Первый раз они могли увидеть друг друга на станции Ладожское озеро холодным майским днем 1942 года. Шарады мироздания. Принцип невстречи. Судьба вывихнула плечо и столкнула их вместе пятилетними детьми, осоловевшими от зимних месяцев блокады. Она посадила их на Финляндском вокзале в один вагон, отметая давку, крики дерущихся за место пассажиров, протиснув сквозь тюки, узлы и чемоданы. Судьба не забыла поцеловать их на прощание синими губами умерших бабушек, спаяла каждого кольцом материнских рук, укутала в ворох свитеров и жакетов. Она на секунду отвернулась в Осиновце перед погрузкой, и вот Петрушу вместе с потоком женщин и детей медленно поглощает пузатое чрево военного корабля. Он вертит головой из стороны в сторону, пытаясь угадать источник тонкого запаха лаванды, такого неожиданного и пьянящего, а Лидочка сидит на берегу и громко читает по слогам: «ВИЛ-САН-ДИ».

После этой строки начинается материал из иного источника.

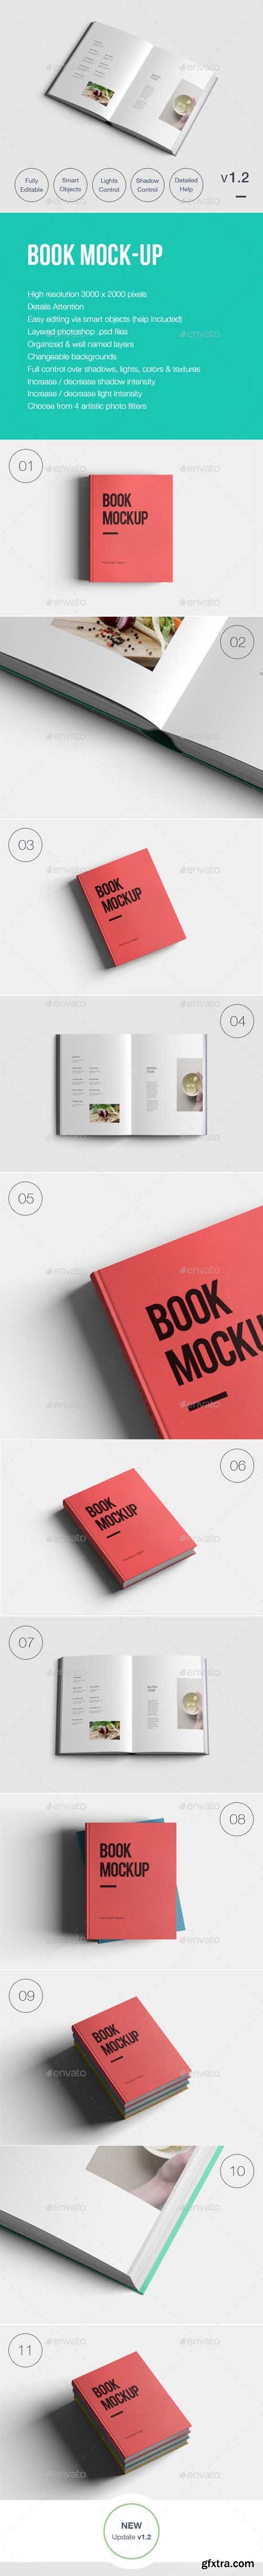 GR - Book Mockup 15562300

– Мама, мы на этом корабле поплывем?
Мама молчит. Смотрит прямо перед собой и кусает бледную губу.
Так устроено, что мир целен, огромен и нерушим, а жизнь в этом мире соткана из совпадений, неверных решений, счастливых случайностей. Человеческая душа – что перышко, коснувшееся наковальни за мгновение до…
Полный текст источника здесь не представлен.